Валя плакала. Мне было очень не по себе…

А в конце нашего пребывания в Доме творчества мы поехали на экскурсию в Сухуми. Там Володя прежде всего потянул всех в обезьянник. Был оживлен, весел, полон детского восхищения проворными и ловкими существами, которые сидели, лазали, прыгали с ветки на ветку, нисколько не обращая внимания на рассматривавших их посетителей.

Ему очень понравилась одна небольшая симпатичная обезьянка, которая, встретившись с ним взглядом, смело прыгнула навстречу и протянула Володе ладошку с тоненькими черными пальчиками. «Смотрите, какое чудо! – с восторгом закричал он. – Она же лучше людей! Сколько в ней доброты и доверия!» Он положил в темную ладошку мандарин, и обезьянка с радостным визгом взлетела высоко на дерево.

В кофейне, которая попалась на проспекте под пальмами, было только кислое прохладное вино. Володя брезгливо морщился, но пил его полный ярких и радостных впечатлений.

Короткевич с женой уехали из Пицунды раньше нас. Мы проводили их к автобусу. Но выпить на прощанье было нечего.

Какова же была наша радость, когда вскоре получили из Минска телеграфный перевод на довольно крупную сумму и небольшую посылку! Помню, мы шли с почты и всю дорогу старались угадать, что это прислал нам Володя? В посылке оказалась бутылка молдавского коньяка, который в Беларуси еще можно было «достать». Ну – Божеская душа, милый Володя!

Счастливые деньки промелькнули быстро, и вскоре близкую нам семью постигла большая беда. По настоянию врачей Валя попала в Боровляны. Я возил к ней Володю на свидания. Сам оставался в машине, а он шел в корпус. Возвращался оттуда удрученный и молчаливый, тайком вытирал глаза. Он любил жену…

Когда она умерла, помнится, не плакал. Лишь после похорон советовался со мною, как ему жить дальше…

Незадолго до своей смерти Володя стал как-то особенно внимательно относиться к тем, кого уважал,[352] с кем дружил. Часто звонил мне, а если меня не было дома, подолгу разговаривал с Ириной. Здоровье его ухудшалось, но он как-то не слишком серьезно относился к этому. Ему всё труднее было писать, и он шел к друзьям. Словно предчувствуя неизбежное, старался побольше бывать на природе, с которой в скором времени Володе предстояло слиться навсегда. Поездка на любимую Припять стала для него последней…

Смерть Володи оплакивала вся Беларусь, которая будет долго помнить его. Такие, как Короткевич, часто не рождаются.

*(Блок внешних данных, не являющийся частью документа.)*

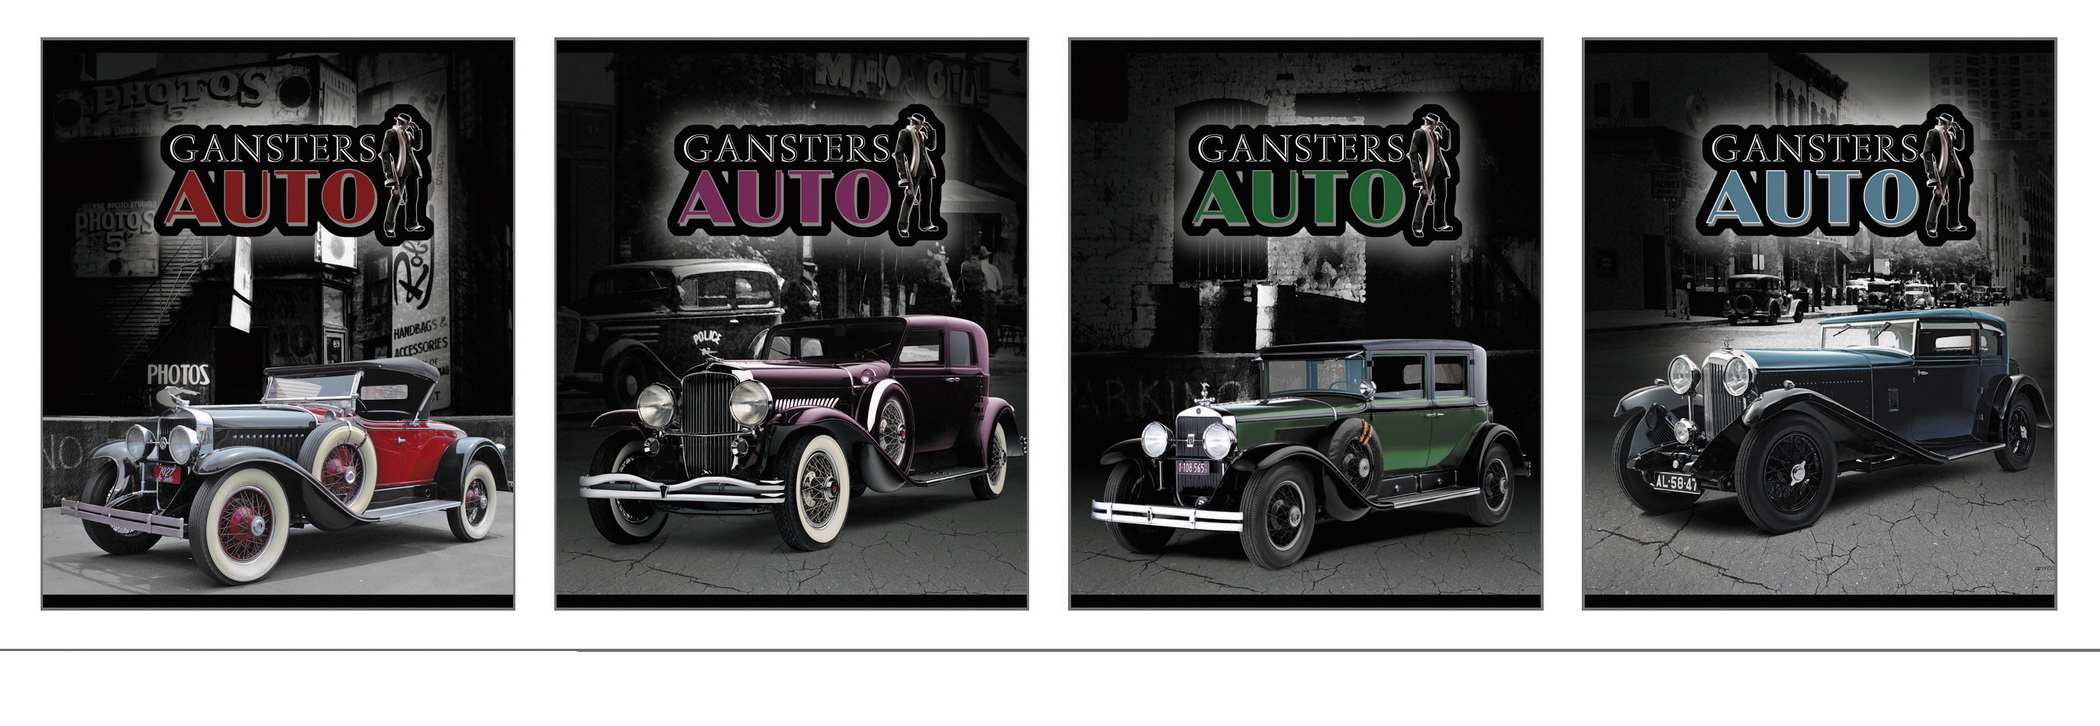 Gansters Cars

Дописывал повесть уже в Минске, на Танковой, – всю осень и начало зимы. Не скажу, чтоб она давалась мне очень трудно – материал знакомый, частично пережитый мной самим. В особенности относившийся к 30-м годам. Цепкая детская память сохранила многие драмы и черты быта того, поистине чрезвычайного времени. Что касается военных лет, то и в сценах, связанных с ними, мог многое себе представить, хотя и не жил на оккупированной территории. Этого, слава Богу, испытать мне не довелось. Я избежал не только опасности, но не получил определенной метки в своей биографии. Людям, имевшим ее, долго не давали забыть прошлое.

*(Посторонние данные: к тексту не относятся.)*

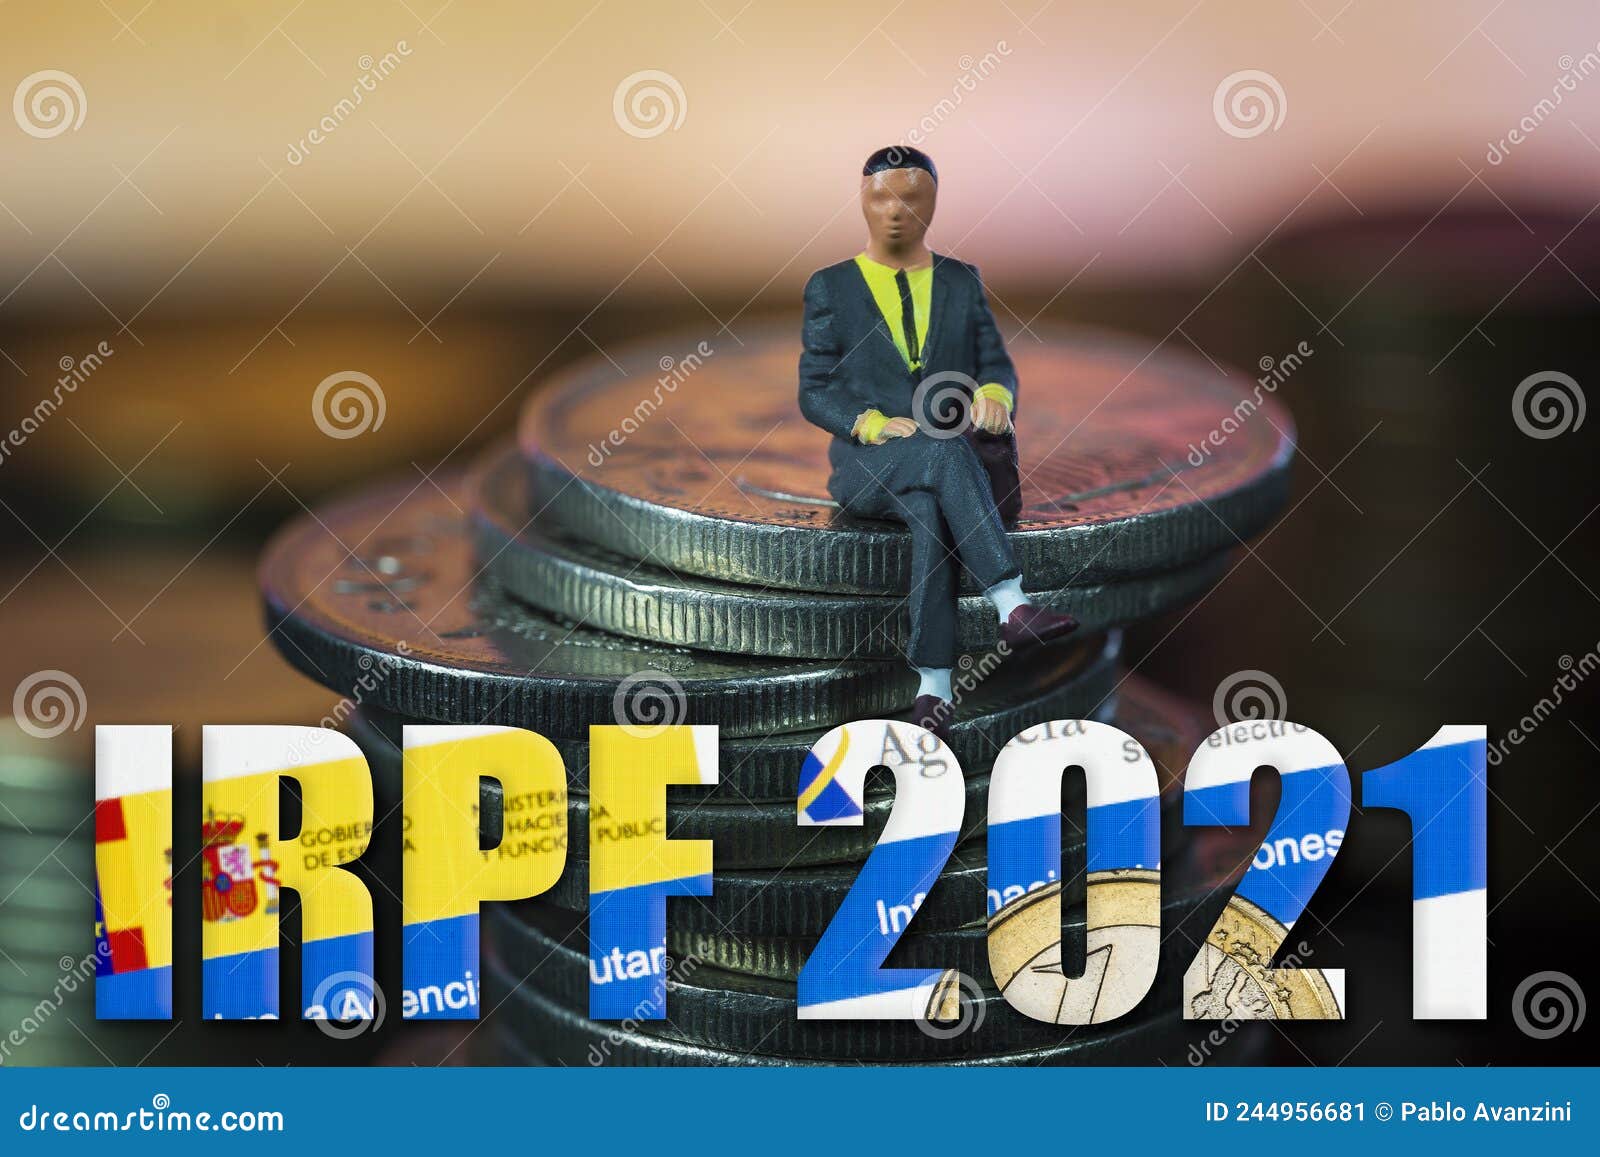 irpf 2021 income tax campaign spain

Повесть свою писал последовательно, кроме вставного сюжетного куска, который оказался словно бы ядром ореха, – его я сделал позднее. Ядро это было очень важно для развития темы, ибо именно оно как раз и несло в себе главный идейный знак – знак национальной беды. Мало было коллективизации, так еще и оккупация. Это и предопределило жизнь и судьбу реликтовых хуторян Степаниды и Петрока. Степанида инстинктивно чувствовала, откуда всё время подступает к ним беда, – то был мост. Она очень хотела его уничтожить, чтобы окончательно обособиться, отъединиться от мира и его напастей. Это для хуторян-белорусов было важнее всего. Однако осуществить свое желание никогда и никому не удавалось, несмотря на многочисленные попытки. Бомба Степаниды предназначалась для другого…[353]

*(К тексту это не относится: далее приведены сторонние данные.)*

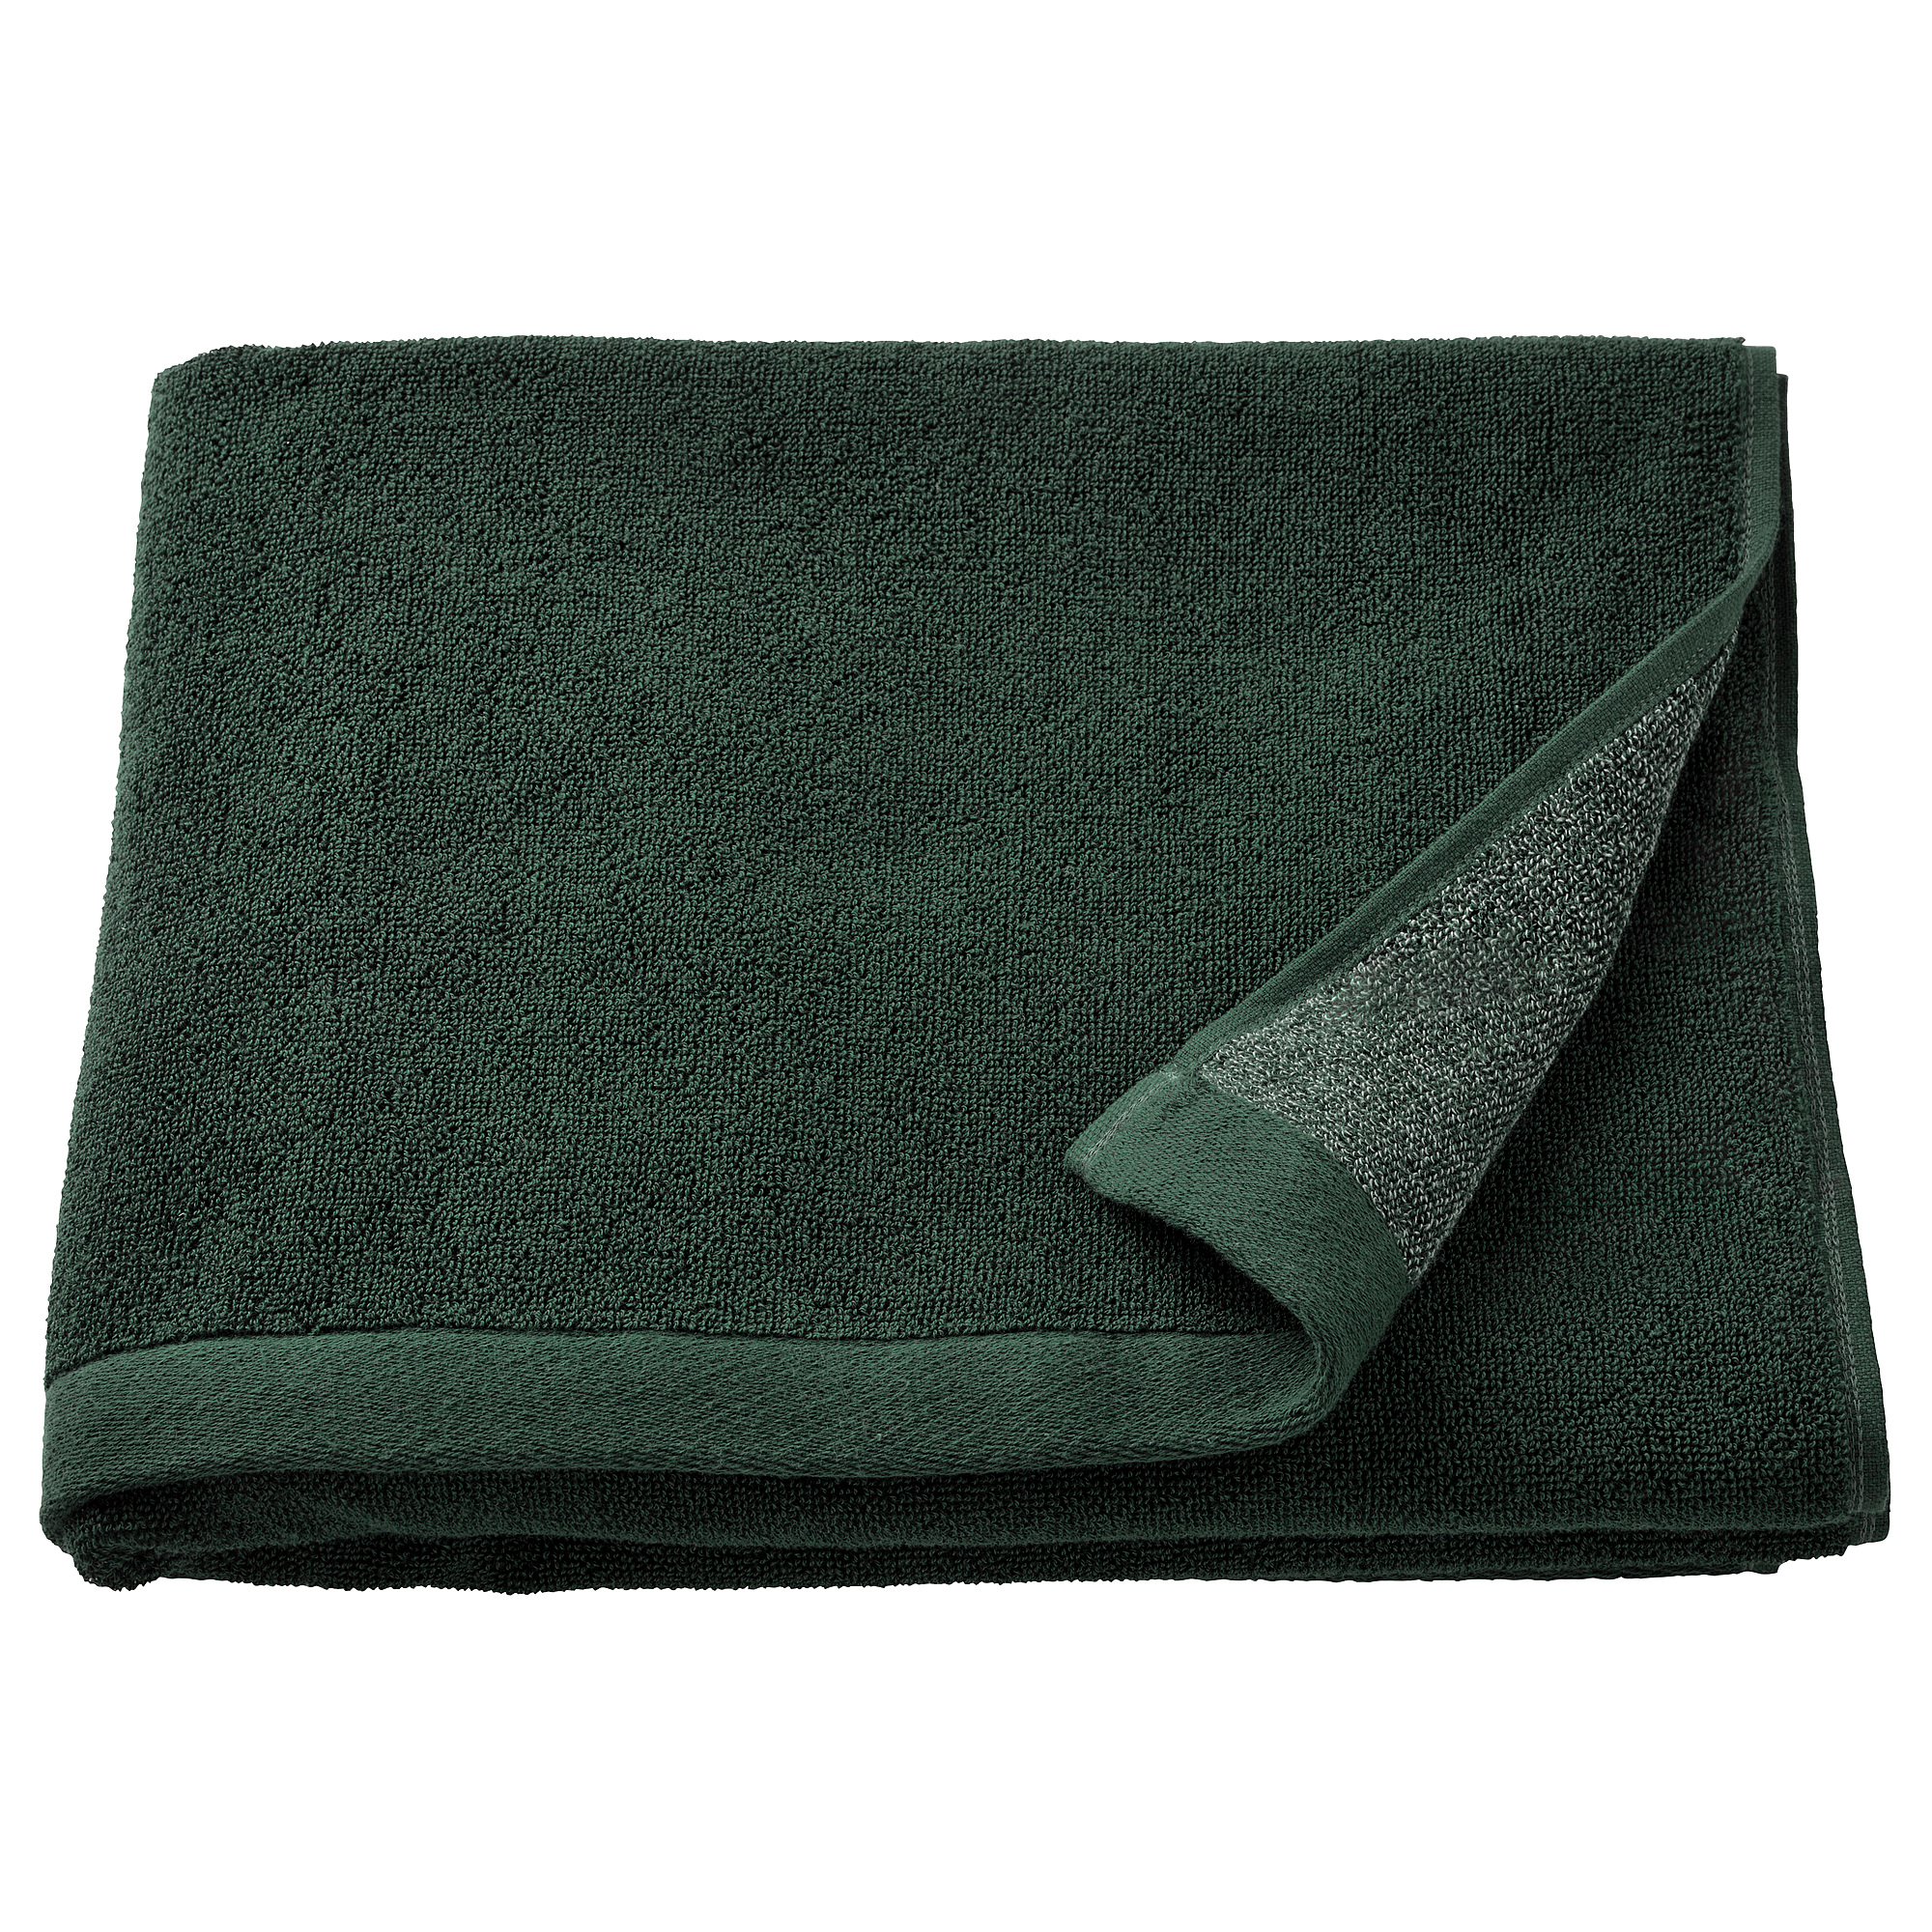 HIMLEÅN bath towel

Аккуратно перепечатанный экземпляр повести я отнес в «Полымя», очередным редактором которого стал в ту пору Кастусь Киреенко, человек с ограниченными способностями, но с определенными амбициями. У меня с ним не было никаких отношений, и иметь их не очень хотелось. Как, впрочем, и со всей редакцией этого журнала. Отнес я рукопись рано утром, когда в редакции никого, кроме корректоров, не было, и попросил передать главному. Через некоторое время он позвонил сам, сказал, что рукопись получил и ее будет читать Пташников. Тот при случайной встрече с похвалой отозвался о том, как напечатан текст – чисто, без помарок, не то, что у некоторых других. На этом редакционные разговоры и кончились. Я был благодарен им обоим, ибо счел это наилучшим вариантом отношений между двумя антиподами – автором и издателем. В скором времени повесть была напечатана.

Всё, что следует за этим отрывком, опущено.